Nieznany łobuz farbą w spreju pomazał jakiś czas temu odmalowane arkady blisko Antykwariatu Silva Rerum. To najnowsze „ślady” wandalizmu w Rynku. Są jednak i starsze, których nie zatarto podczas remontu. Czystych murów nie chciały wspólnoty lokatorskie. Kamieniczki na placu Ratuszowym od strony ulicy Mrocznej i Konopnickiej dalej straszą wyglądem, podczas gdy pozostałe jeszcze lśnią czystością.
Wspólnoty lokatorów, które nie zgodziły się na partycypację w kosztach prac, chyba zdają sobie sprawę, że takie remonty to syzyfowa praca. I nic nie wskazuje na to, że w najbliższym czasie się to zmieni. – Dlatego kilka kamienic nie zostało odnowionych i nie wiadomo, kiedy się to stanie – mówi Jerzy Łużniak, zastępca prezydenta Jeleniej Góry. Święte prawo własności działa we dwie strony.
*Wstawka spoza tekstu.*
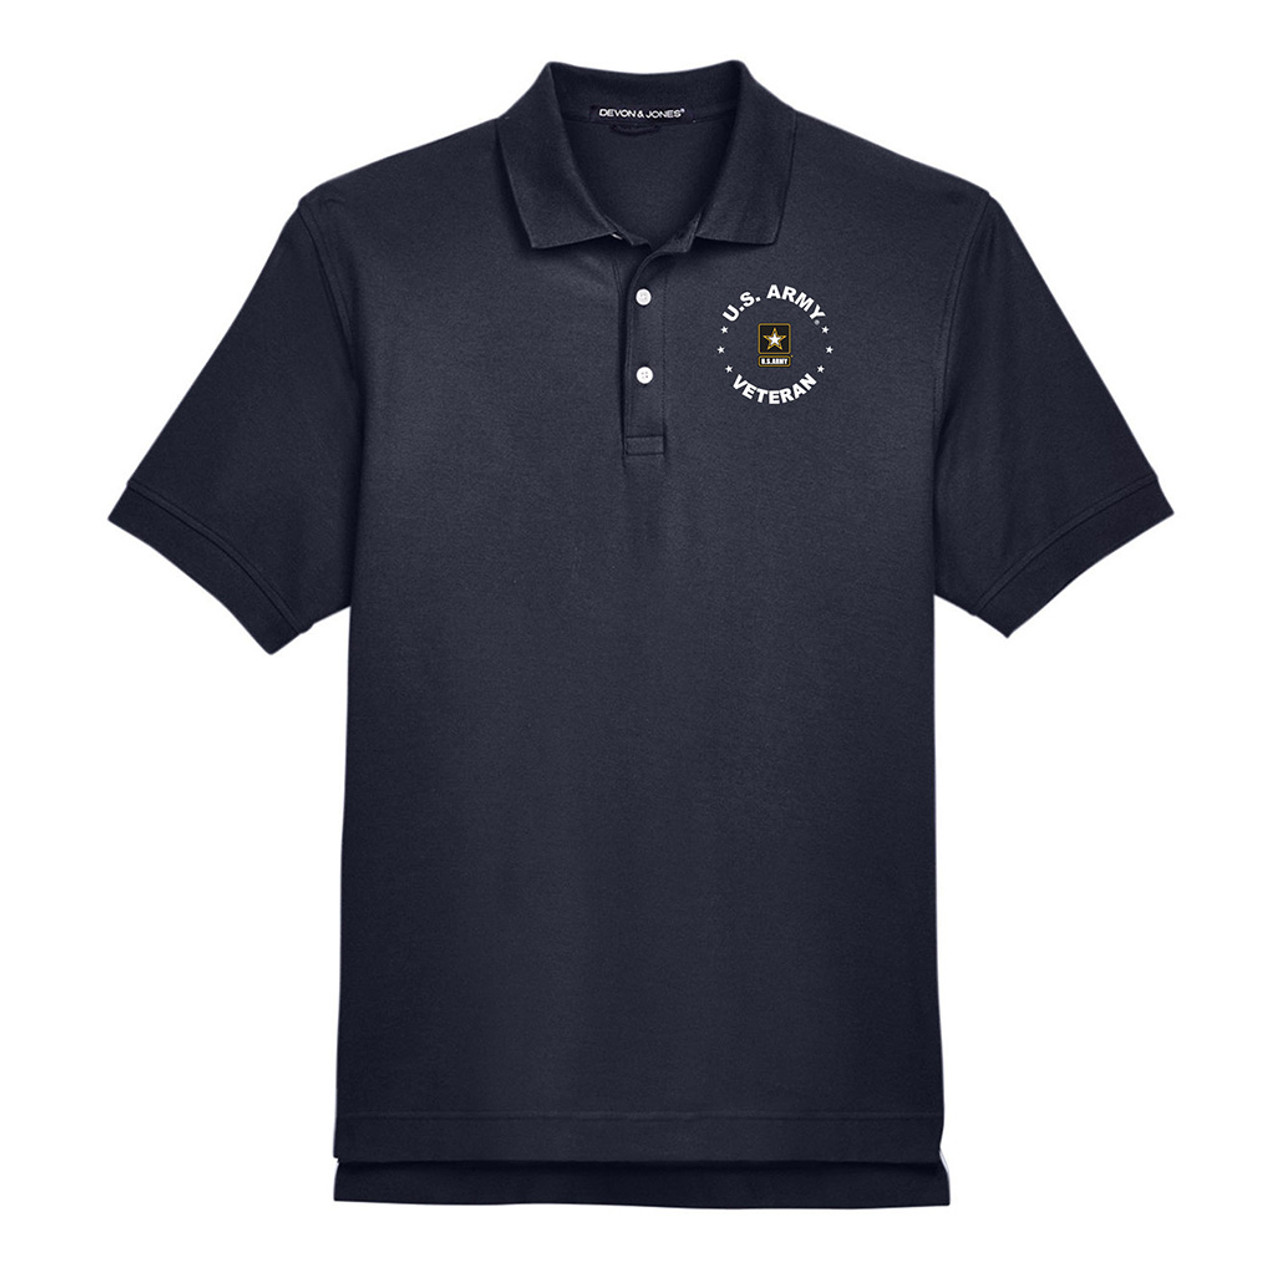 Officially Licensed U.S. Army Logo with Stars Veteran Polo on a black polo with black gold and white embroidery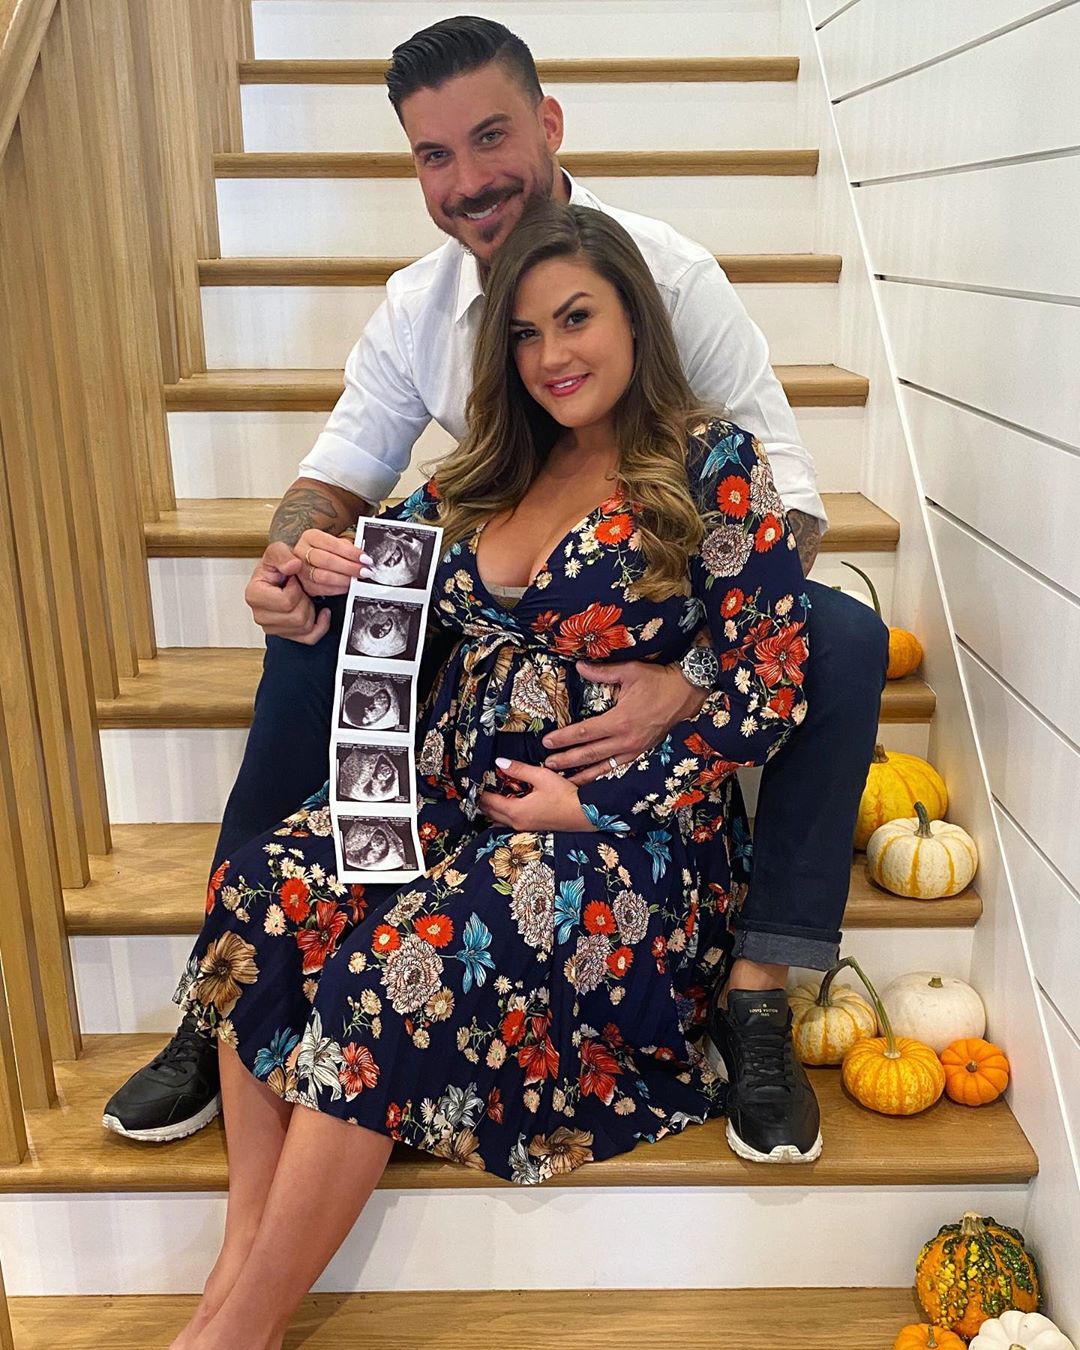 Vanderpump Rules' Brittany Cartwright Pregnant, Expecting 1st Child With Jax Taylor

Miasto ma związane ręce: nie może do niczego zmusić zarządcy kamienic w jego reprezentacyjnej części. Z kolei administrator może na „swoim” robić, co chce.
Tymczasem właściciele niektórych sklepów w Rynku sami usiłują zaradzić szerzącej się pladze wandalizmu i złodziejstwa. - Ukradli nam pocztówki z tablicy reklamowej antykwariatu - usłyszeliśmy w sklepie kolekcjonerskim w rynku. - Sami zainstalowaliśmy kamerę, a tablicę z reprodukcjami przykręciliśmy na stałe do muru.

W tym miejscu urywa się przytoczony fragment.